BEGIN THE DATA
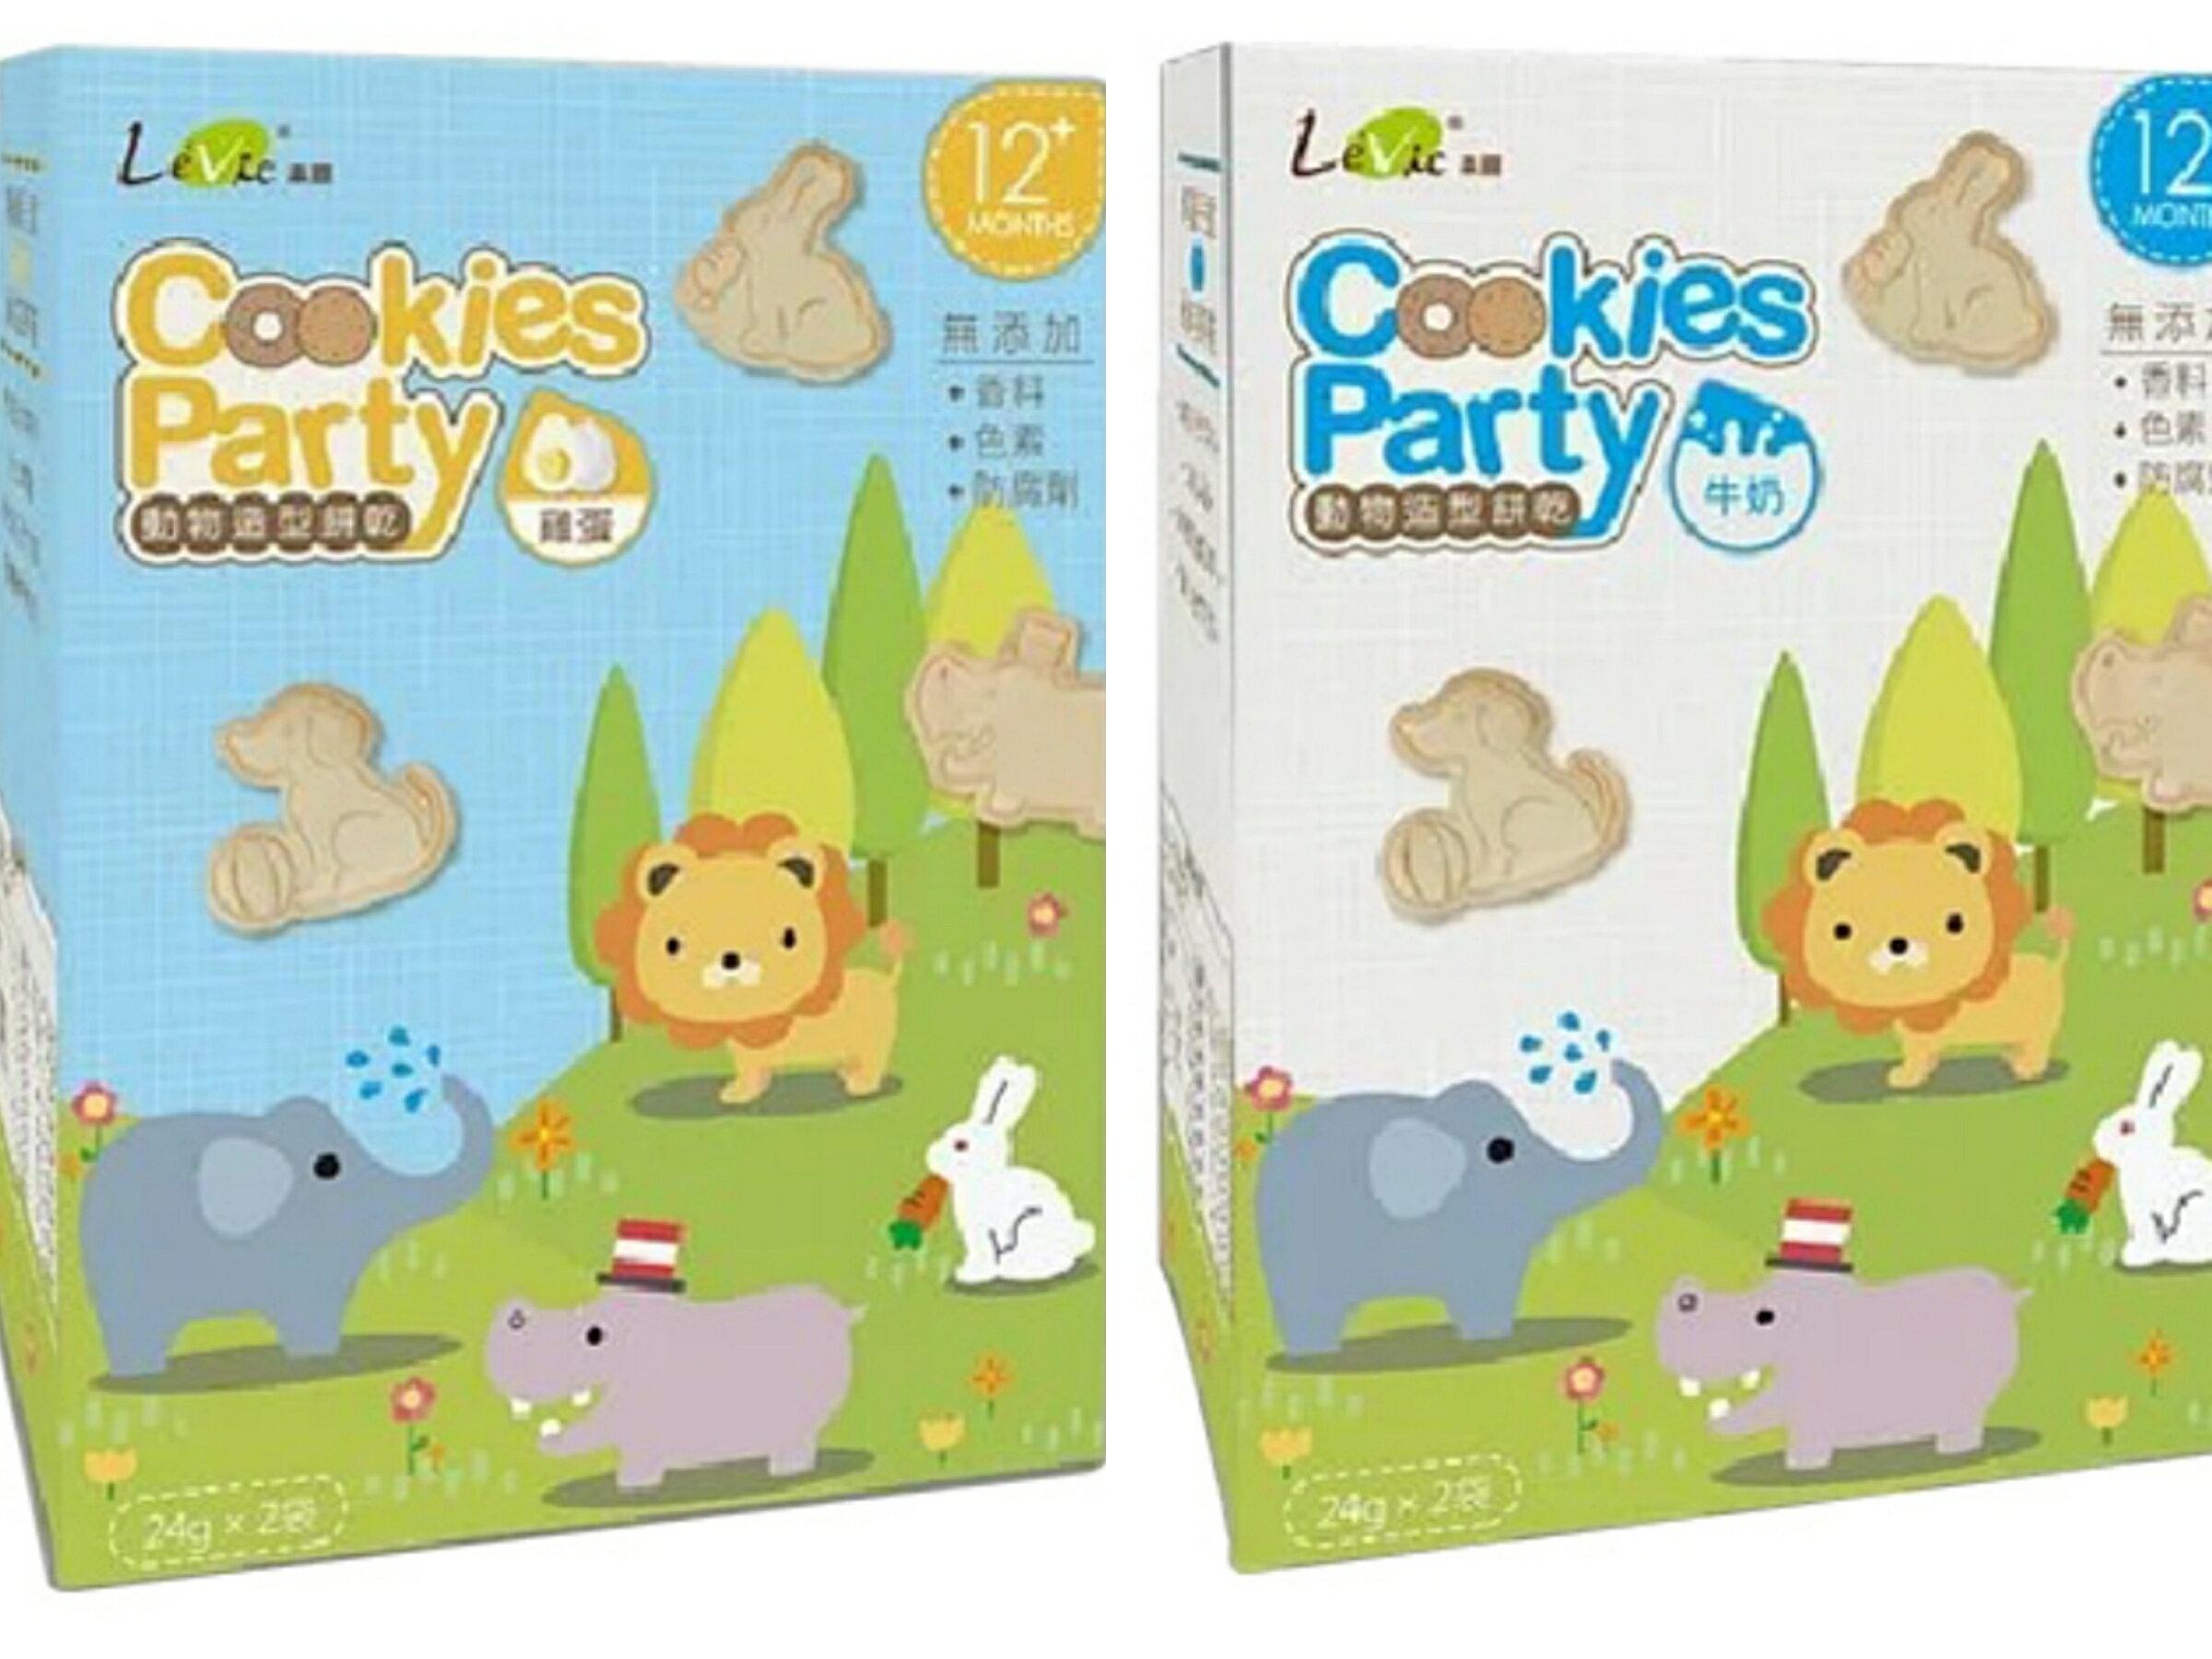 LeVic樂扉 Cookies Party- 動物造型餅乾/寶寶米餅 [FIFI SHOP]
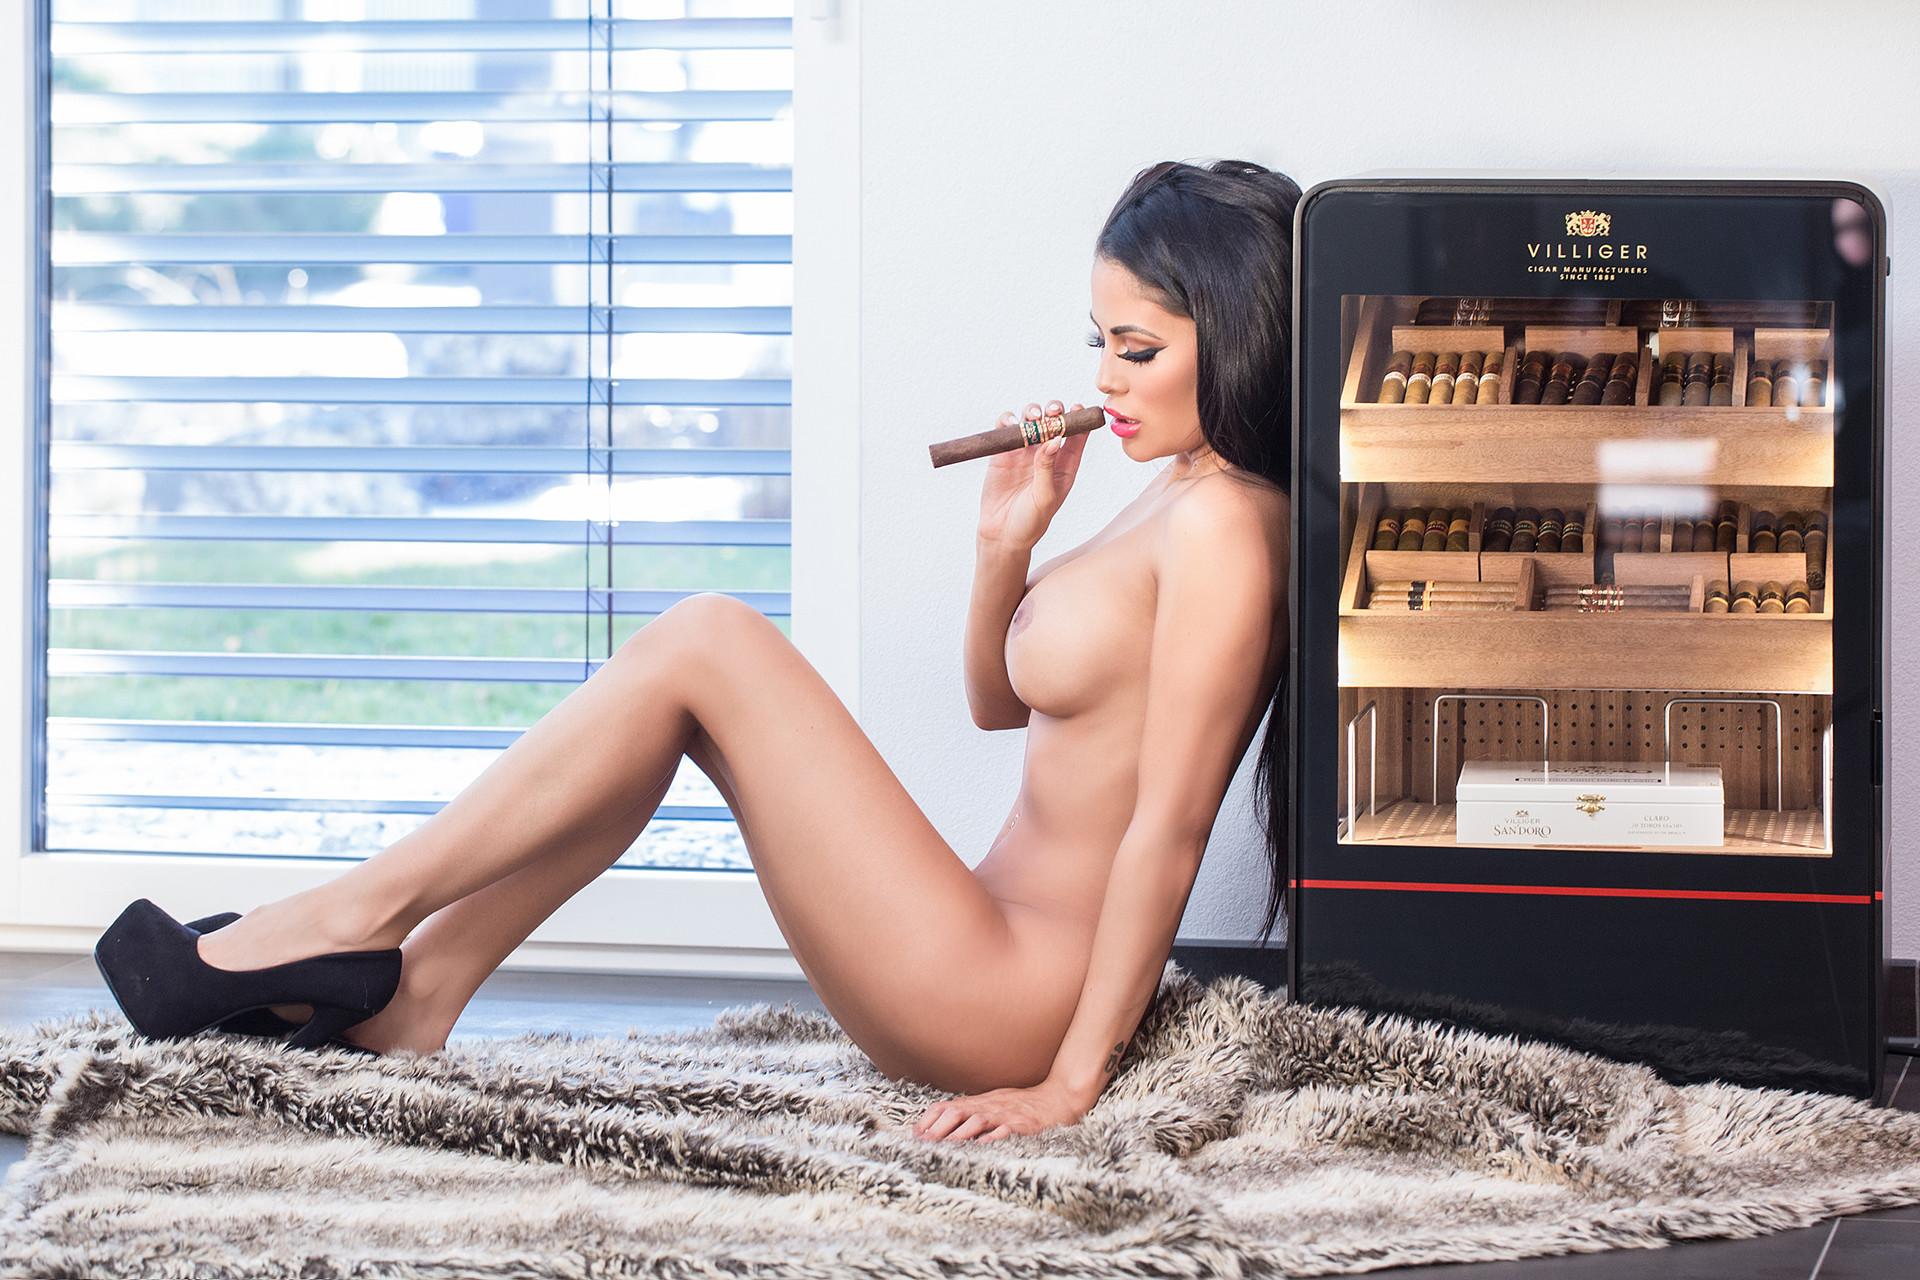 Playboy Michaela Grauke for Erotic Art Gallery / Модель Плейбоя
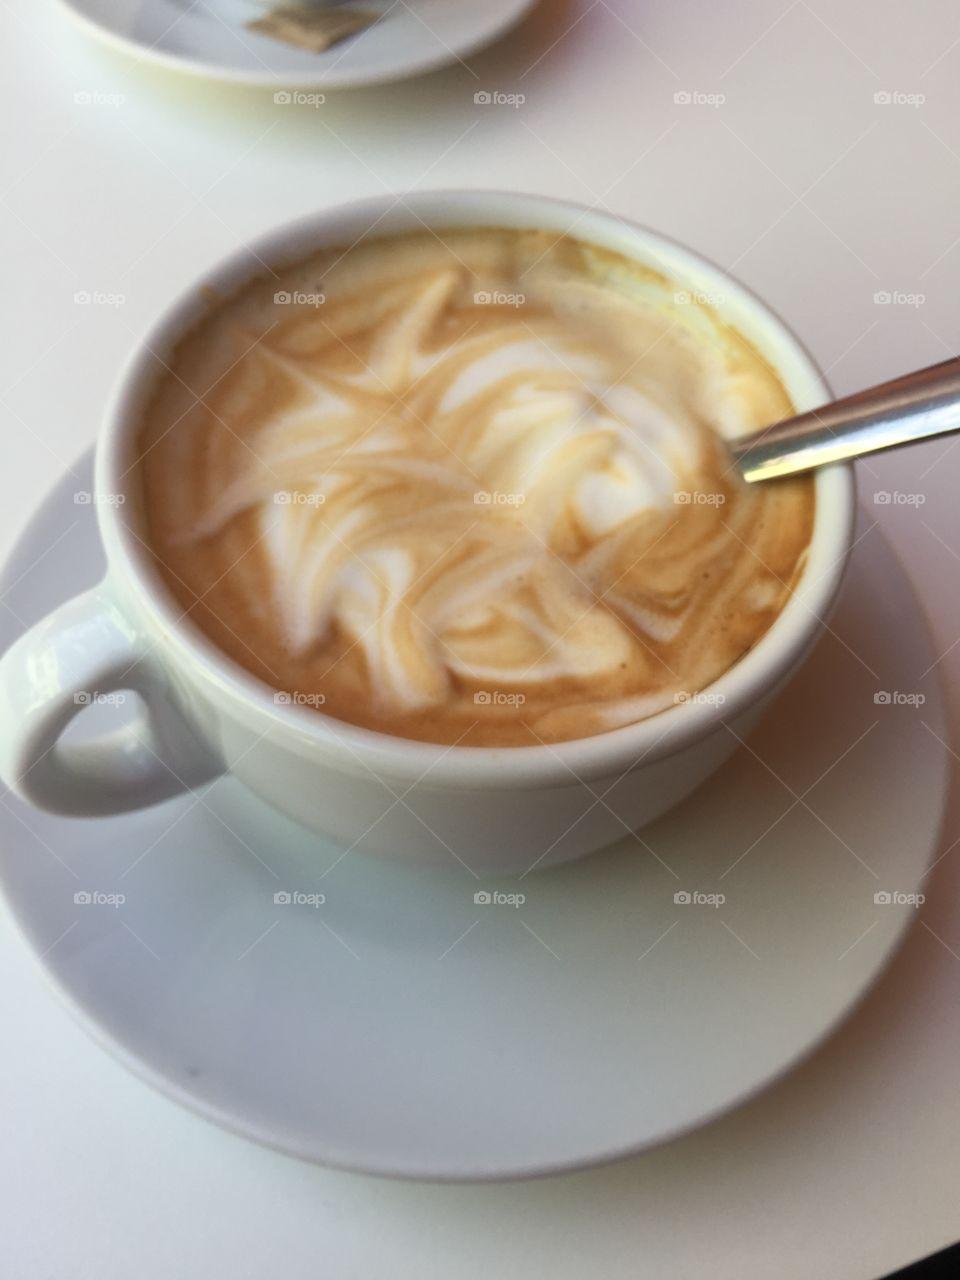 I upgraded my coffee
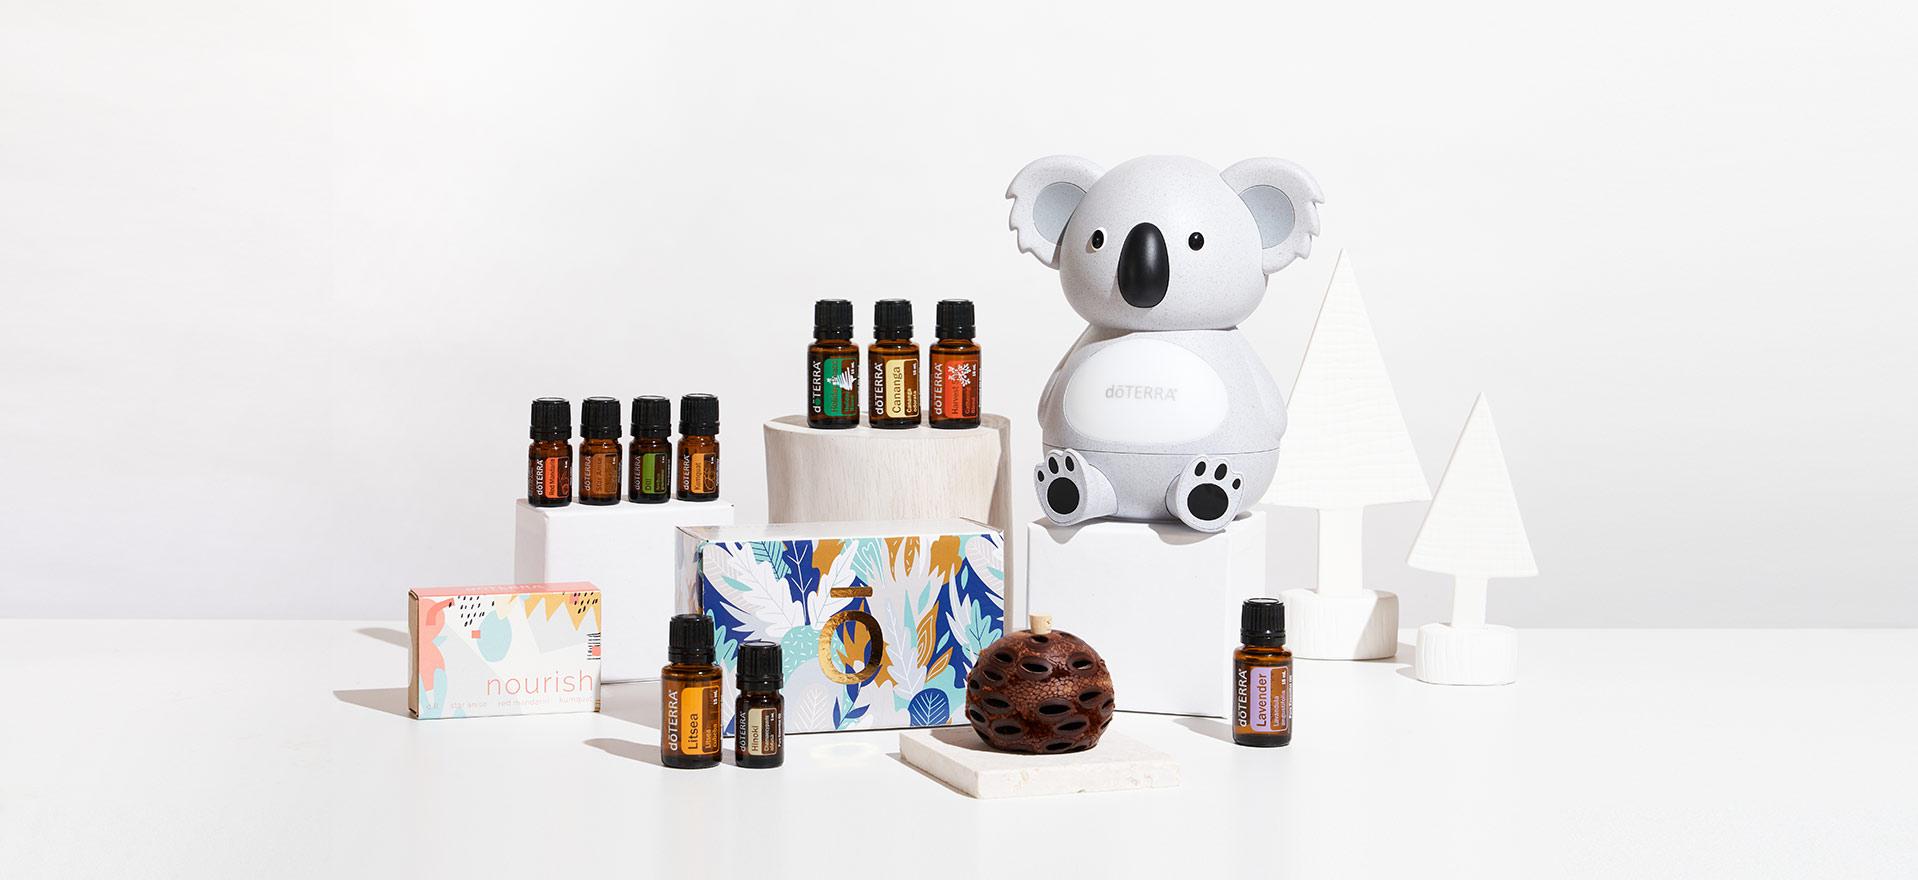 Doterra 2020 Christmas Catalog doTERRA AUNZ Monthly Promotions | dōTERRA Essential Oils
END THE DATA
### WHAT TO WORK ON
From the line holding "Playboy Michaela Grauke" to the final line of the data above, give each line again exactly, both ends included, and drop the pictures.

### WRITTEN SOLUTION
 Playboy Michaela Grauke for Erotic Art Gallery / Модель Плейбоя
 I upgraded my coffee
 Doterra 2020 Christmas Catalog doTERRA AUNZ Monthly Promotions | dōTERRA Essential Oils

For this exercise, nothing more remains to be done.